In letters to six special purpose acquisition companies ("SPACs"), Senators Elizabeth Warren (D-MA), Sherrod Brown (D-OH), Tina Smith (D-MN) and Chris Van Hollen (D-MD) raised concerns over "misaligned" investor and sponsor interests under the SPACs structure. The Senators stated that the letters are intended to request information "about your use of SPACs in order to understand what sort of Congressional or regulatory action may be necessary to better protect investors and market integrity and ensure a fair, orderly, and efficient marketplace." The letters were also sent to SEC Chair Gary Gensler and FINRA President and CEO Robert W. Cook.
In their letters, the Senators questioned the growth of the SPAC market and the structure of SPACs, which they claimed is skewed in favor of large institutional investors. The Senators expressed concern that SPAC sponsors may not conduct adequate due diligence on merger targets or may agree to a deal that is not in the best interest of the SPAC's investors due to the two-year time limit for SPAC sponsors to acquire or merge with a private company. The Senators noted that SPAC sponsors are not required to provide the same disclosures as firms seeking to go public in a traditional initial public offering.
The Senators pointed out that SPAC sponsors "make, on average, several times their initial investment" regardless of the performance of the company they take public. Moreover, the Senators cited statistics from a J.P. Morgan report indicating that on average, a SPAC sponsor may receive returns of 958 percent, while an investor selling the investor's stock and warrants immediately before a merger may average a 40 percent return. In contrast, the Senators observed that "the average one-year return following a merger was -15.6%."
The Senators sought information from the six SPAC creators regarding, among other things:
- their relationship with, including investments in and labor provided to, the SPACs;
- their communications with potential or existing investors as to (i) investment solicitation, (ii) the performance of the SPACs and (iii) proposed acquisition or merger voting;
- how the creator is compensated;
- potential conflicts of interest; and
- legal or regulatory action taken against themselves, a SPAC and its target company or the merged company.
The letters are generally identical except for paragraphs tailored to a description of negative events as to each specific SPAC.

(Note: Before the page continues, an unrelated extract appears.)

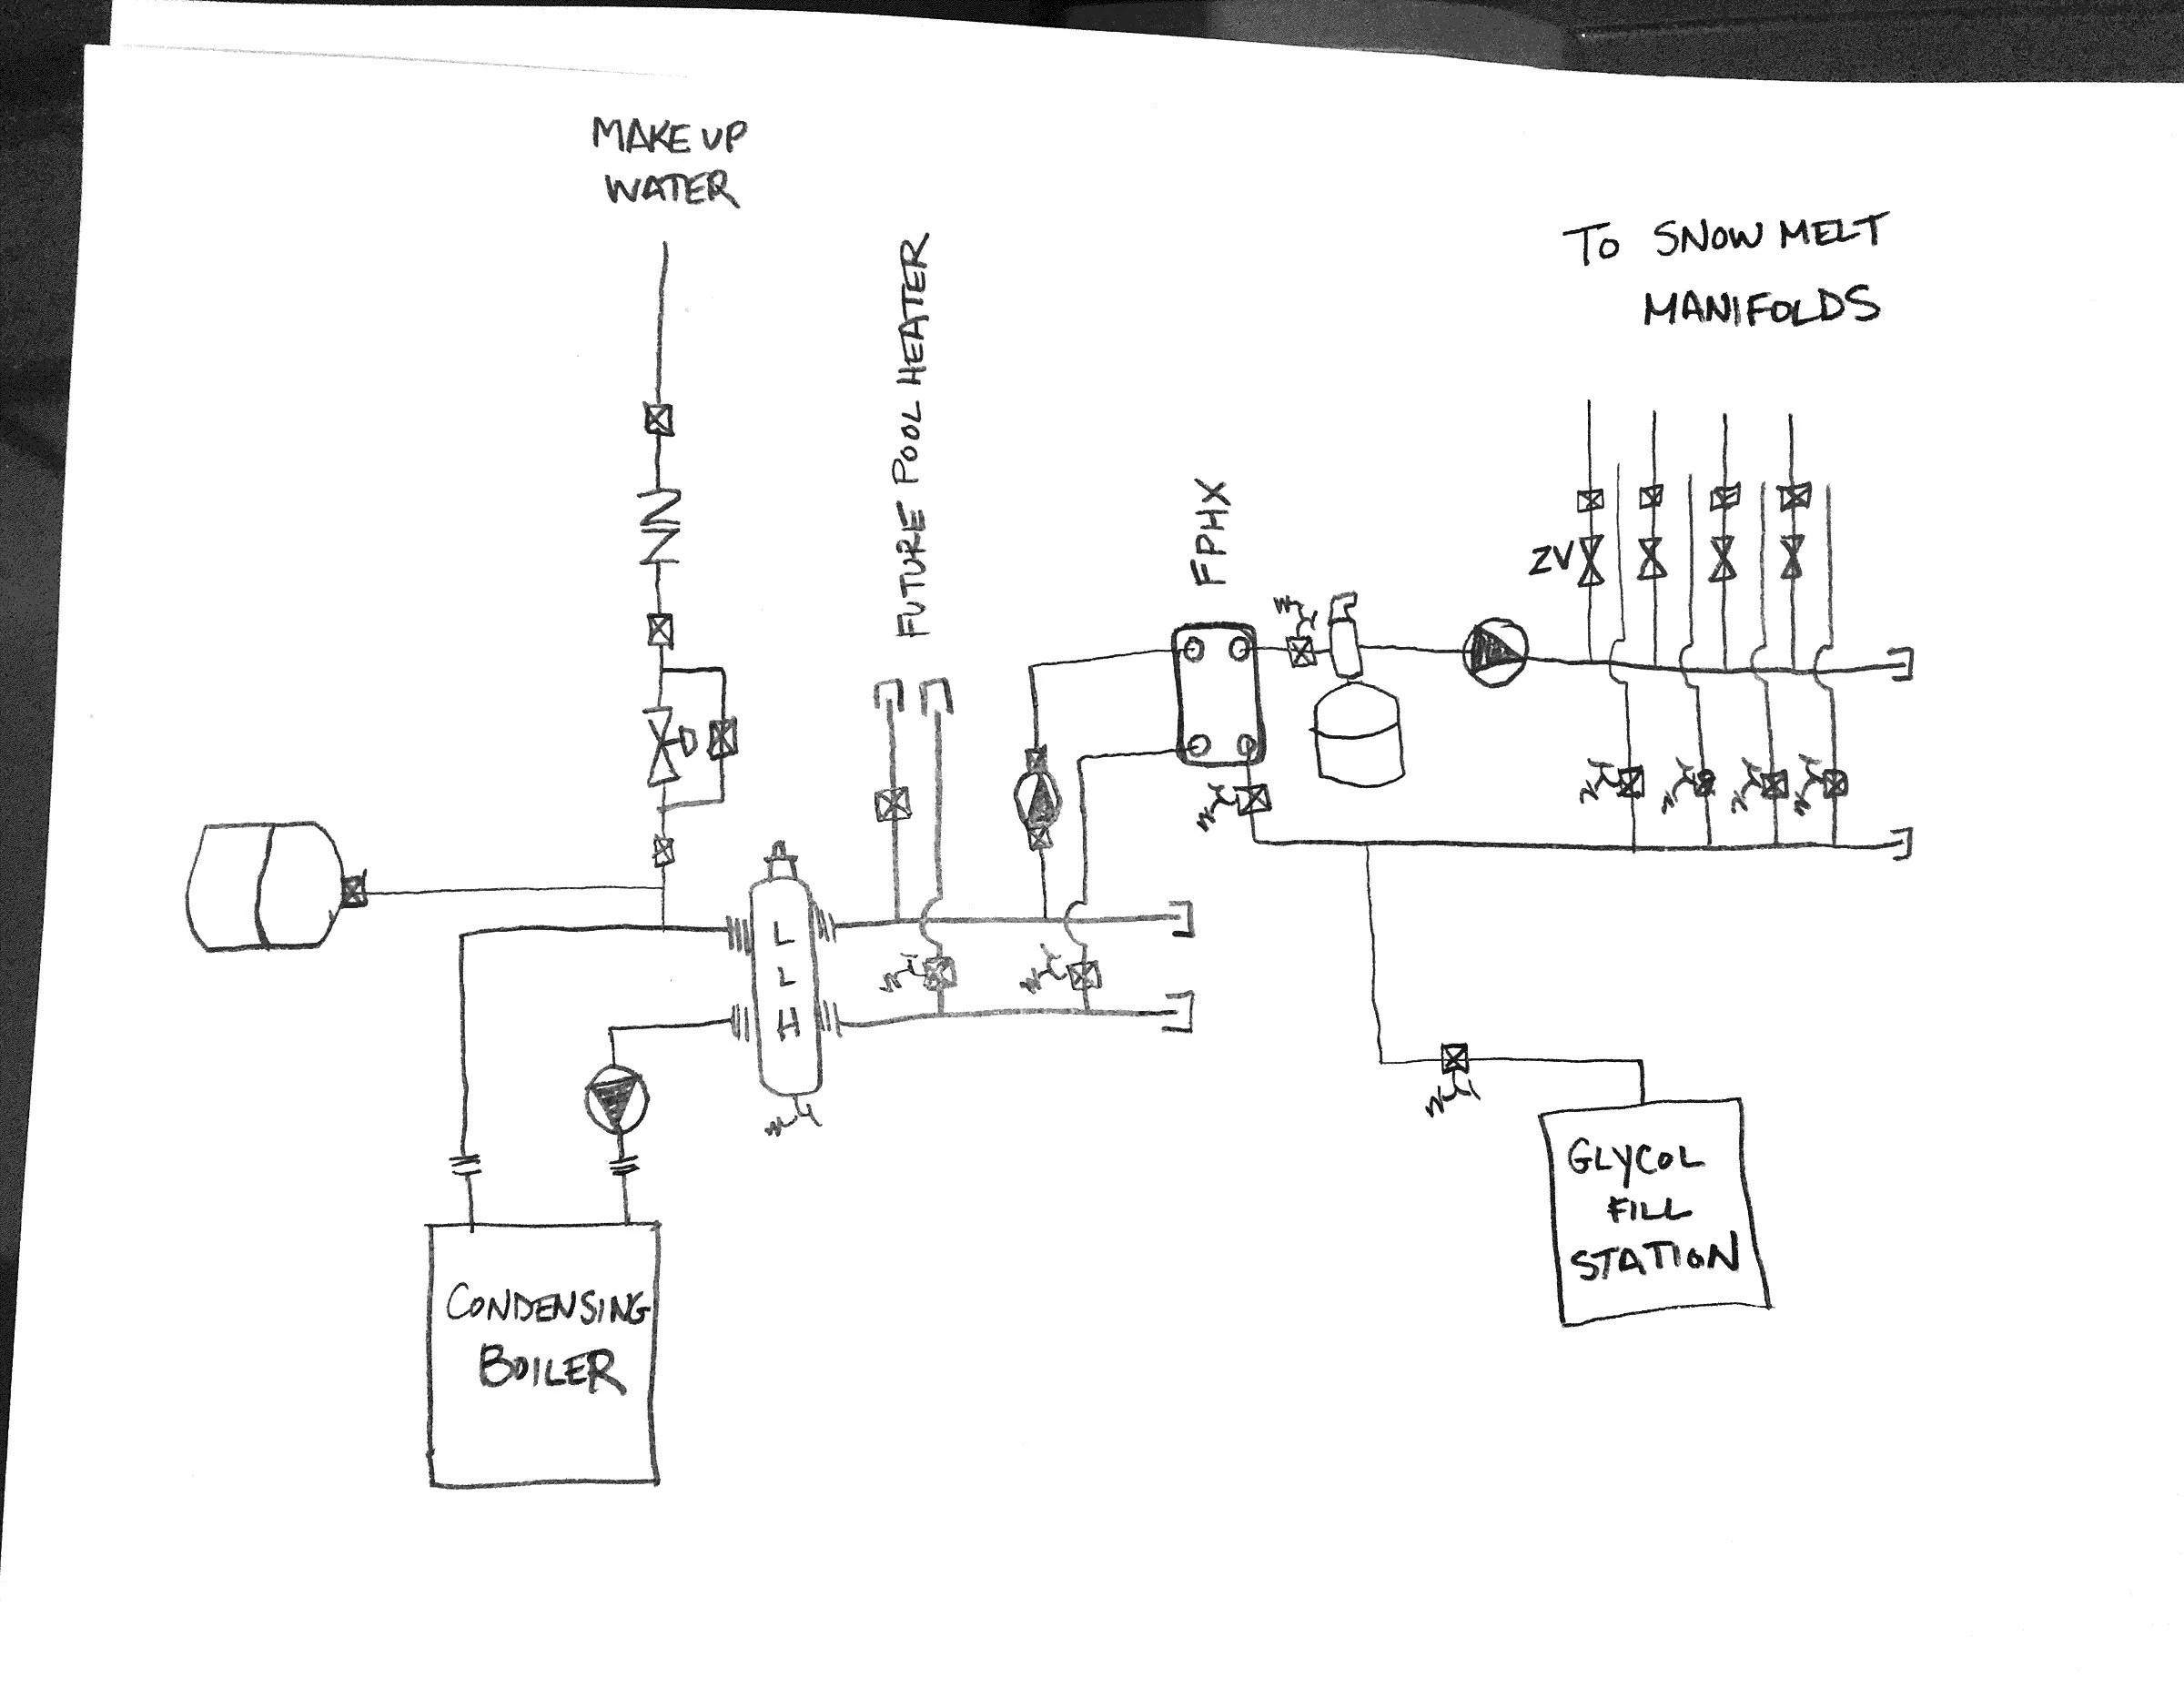 First Snowmelt Project Near Boiler Schematic

The issues raised by the letter - particularly as to conflicts of interest and disclosure - are matters of genuine policy concern and are not going to go away. The financial industry should work with legislators and regulators to craft improvements in the laws governing SPACs.
Legislators and regulators might also consider whether some degree of self-criticism is in order as to the costs that they have imposed on ordinary initial public offerings of securities. These costs are at least partially responsible for private companies seeking alternatives to IPOs to raise money, whether those alternatives are going public through a SPAC or being acquired by a larger established company.